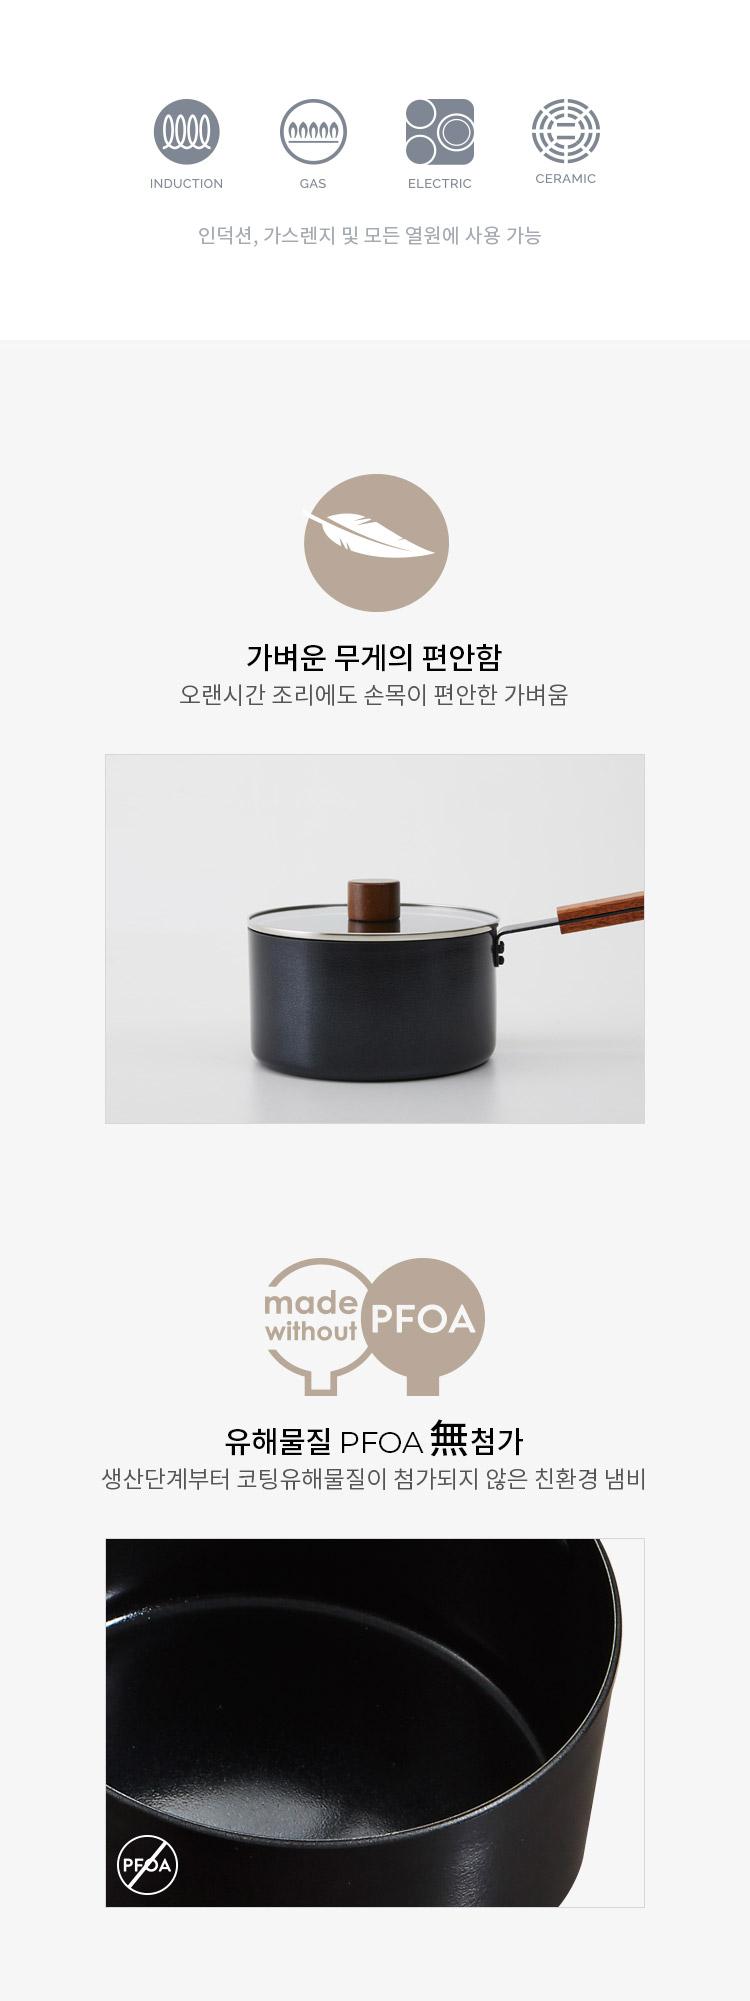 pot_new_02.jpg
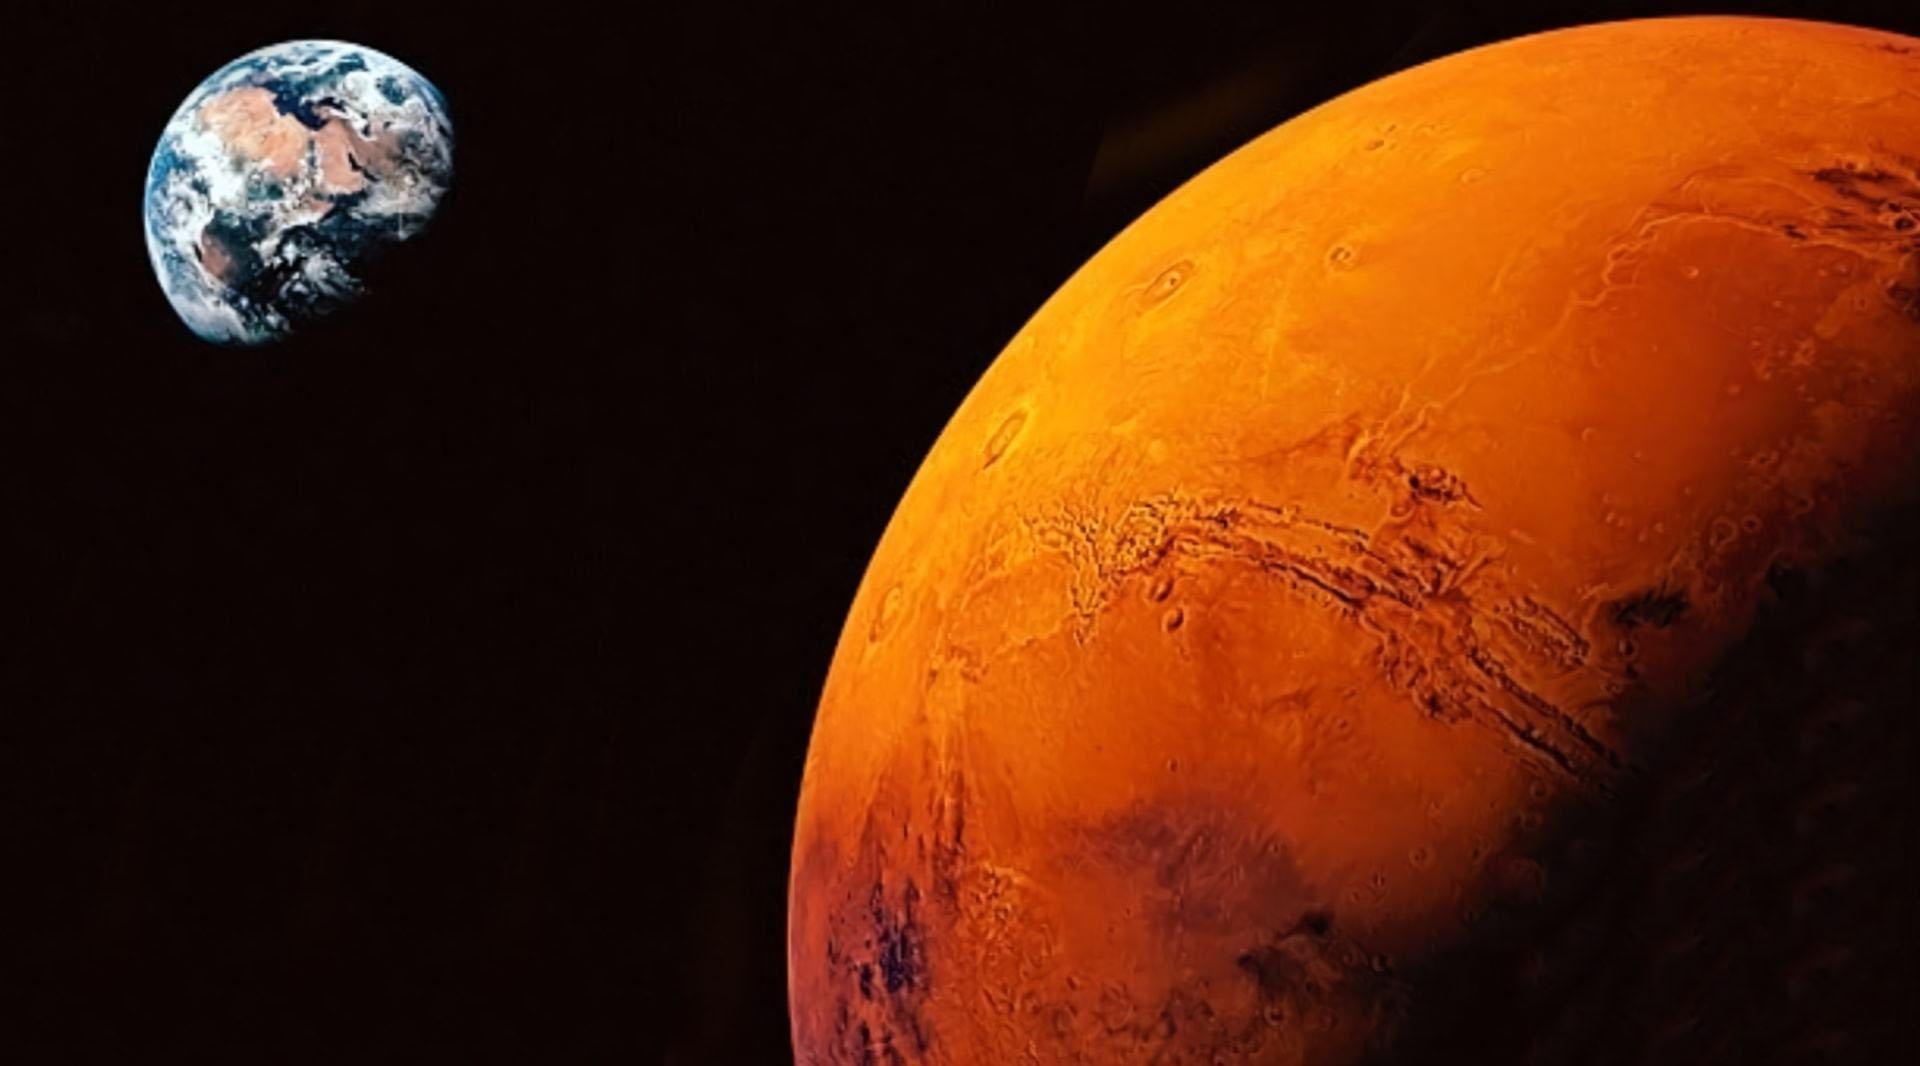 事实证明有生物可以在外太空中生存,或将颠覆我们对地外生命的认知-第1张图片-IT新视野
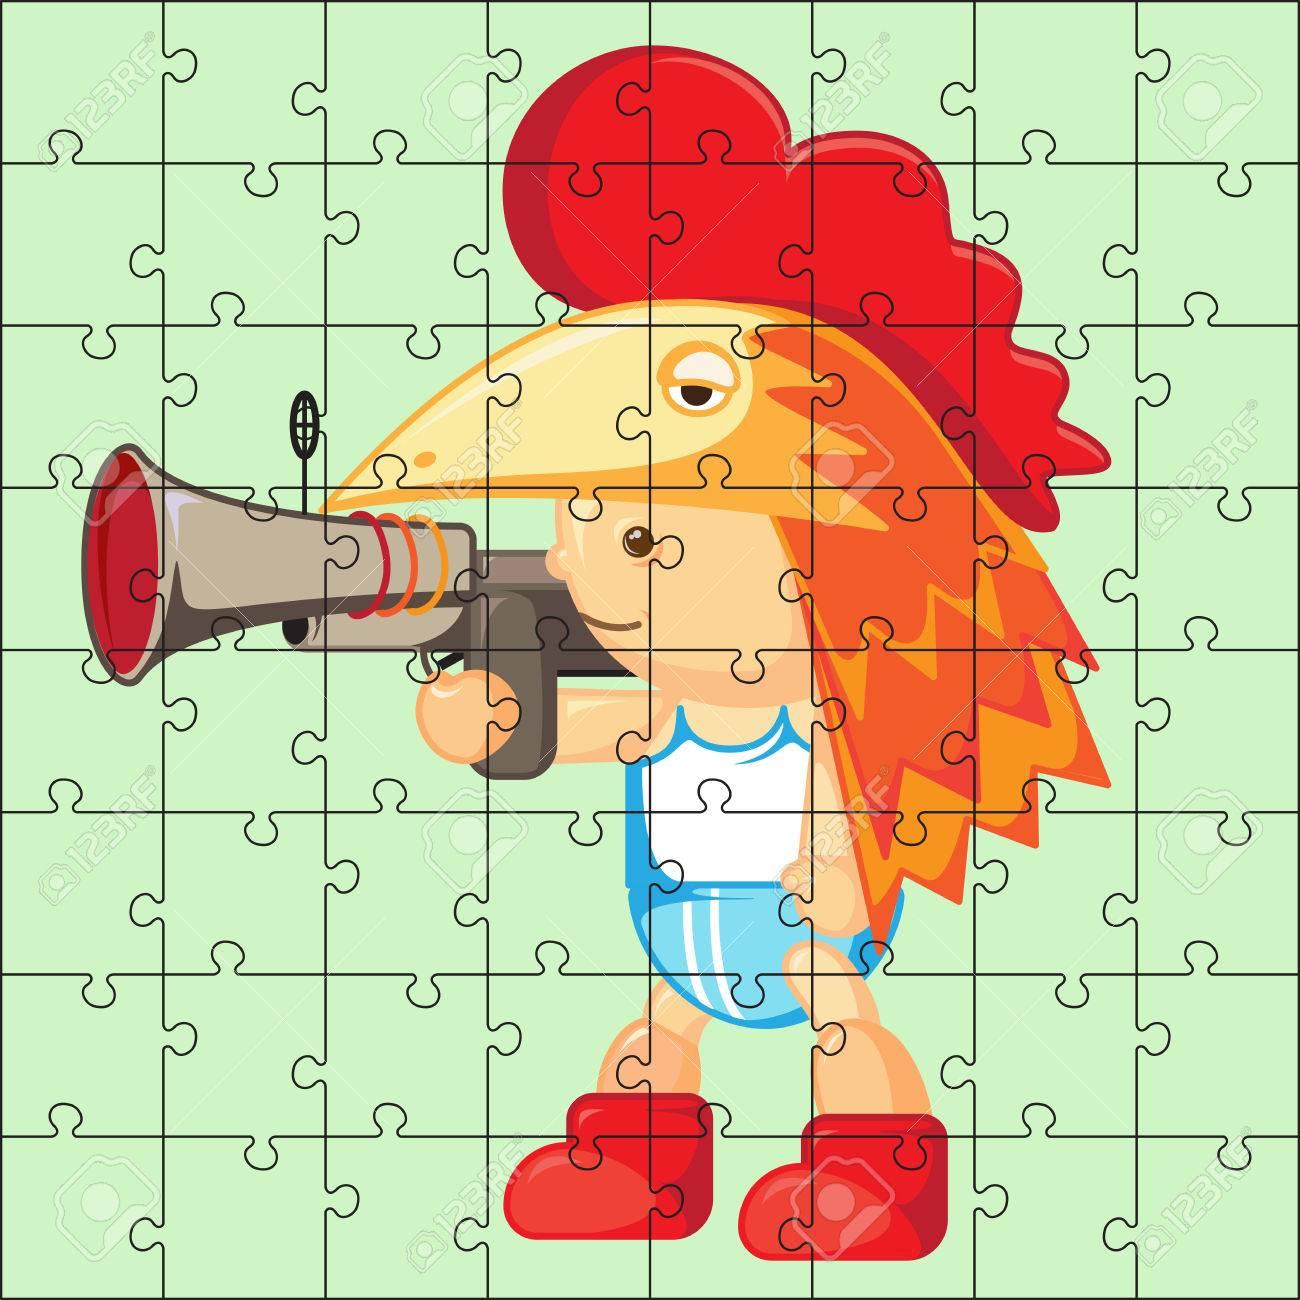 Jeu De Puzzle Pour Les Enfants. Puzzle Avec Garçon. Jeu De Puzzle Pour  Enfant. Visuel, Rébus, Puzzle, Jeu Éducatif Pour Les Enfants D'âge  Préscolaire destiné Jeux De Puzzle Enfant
********************
## Work request:
Would you copy out the material above exactly, without the pictures in it?

## Task result:
 pot_new_02.jpg
 事实证明有生物可以在外太空中生存,或将颠覆我们对地外生命的认知-第1张图片-IT新视野
 Jeu De Puzzle Pour Les Enfants. Puzzle Avec Garçon. Jeu De Puzzle Pour  Enfant. Visuel, Rébus, Puzzle, Jeu Éducatif Pour Les Enfants D'âge  Préscolaire destiné Jeux De Puzzle Enfant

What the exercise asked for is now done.